Influencer marketing is an industry that has seen rapid growth over the past few years with an increase between 40 and 50 percent year on year, according to Influencer Marketing Hub. It allows companies to increase brand awareness and trust through directly interacting with their target audience in a way never seen before in other strands of marketing.

Take Gymshark, recently valued at £1.3bn, this fitness clothing brand was one of the earliest adopters of the influencer marketing model. They are renowned for marketing products through their community of Instagram influencers and YouTubers, with their success being a testament to the importance of influencer marketing, showing that when done right it can be a key driver to exponential growth.

As an industry, influencer marketing is expected to hit $10bn in 2020, growing enormously from just $3bn in 2017. Increasingly companies are valuing the involvement of influencers in their marketing, so it is now more important than ever to be able to identify emerging influencers and those with the most potential to drive success for a brand.

So what makes an influencer?

The most obvious type of influencer are celebrities - individuals with large numbers of followers who are often idolized. Similarly, other types of influencers include industry experts, thought leaders and bloggers.
These categories, although relatively vague terms, all have some similar traits that provide us with some insight on what features to look for when trying to identify the next big influencer.
Common traits in these categories are that the individuals often have a sizable audience that they engage with through some kind of platform, and in most cases, they are individuals who talk about topics in a particular niche. For example, Andrew Ng could be considered an influencer due to his sizeable audience on Twitter, where he regularly posts about machine learning.

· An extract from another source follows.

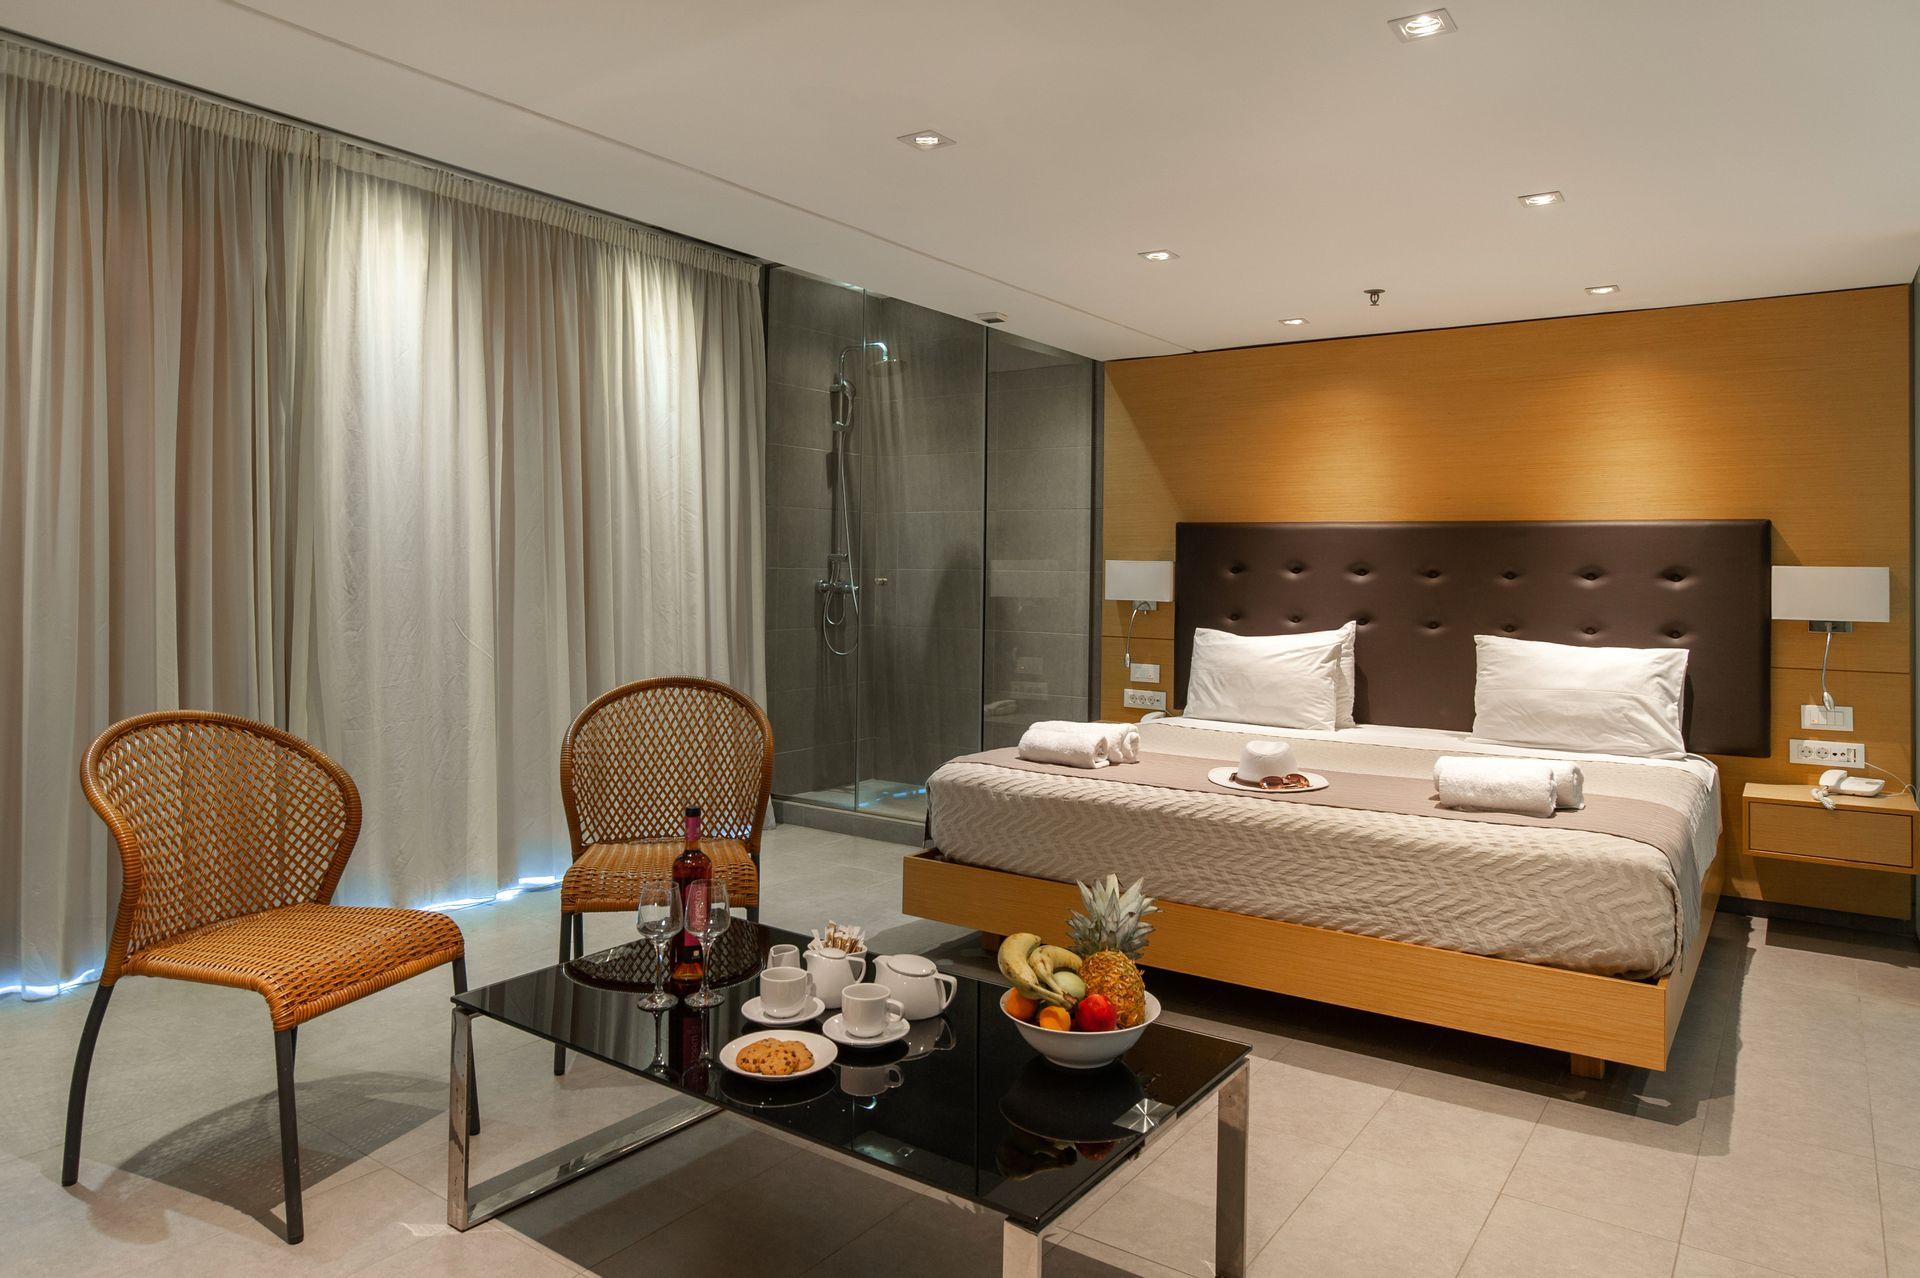 Atlantis City Hotel Rhodes - Ρόδος ✦ 2 Ημέρες (1 Διανυκτέρευση) ✦ 2 άτομα ✦ Χωρίς Πρωινό ✦ 01/09/2021 έως 30/09/2021 ✦ Στην πόλη της Ρόδου!

How do we quantify influence?

As with a large amount of machine learning problems, being able to express a complex idea like influence is paramount to identifying trends. In the context of social media, there are three main types of data we can use:

Number of Followers
Number of Impressions
Engagements

The number of followers and impressions, when measured over time, gives us an idea of the reach of the potential influencer. Engagements then give us information about how the individual is able to convert that reach, giving us insight into how likely the users that are viewing the posts are to be motivated into doing a particular thing, such as purchasing a product.

How do we predict an emerging influencer?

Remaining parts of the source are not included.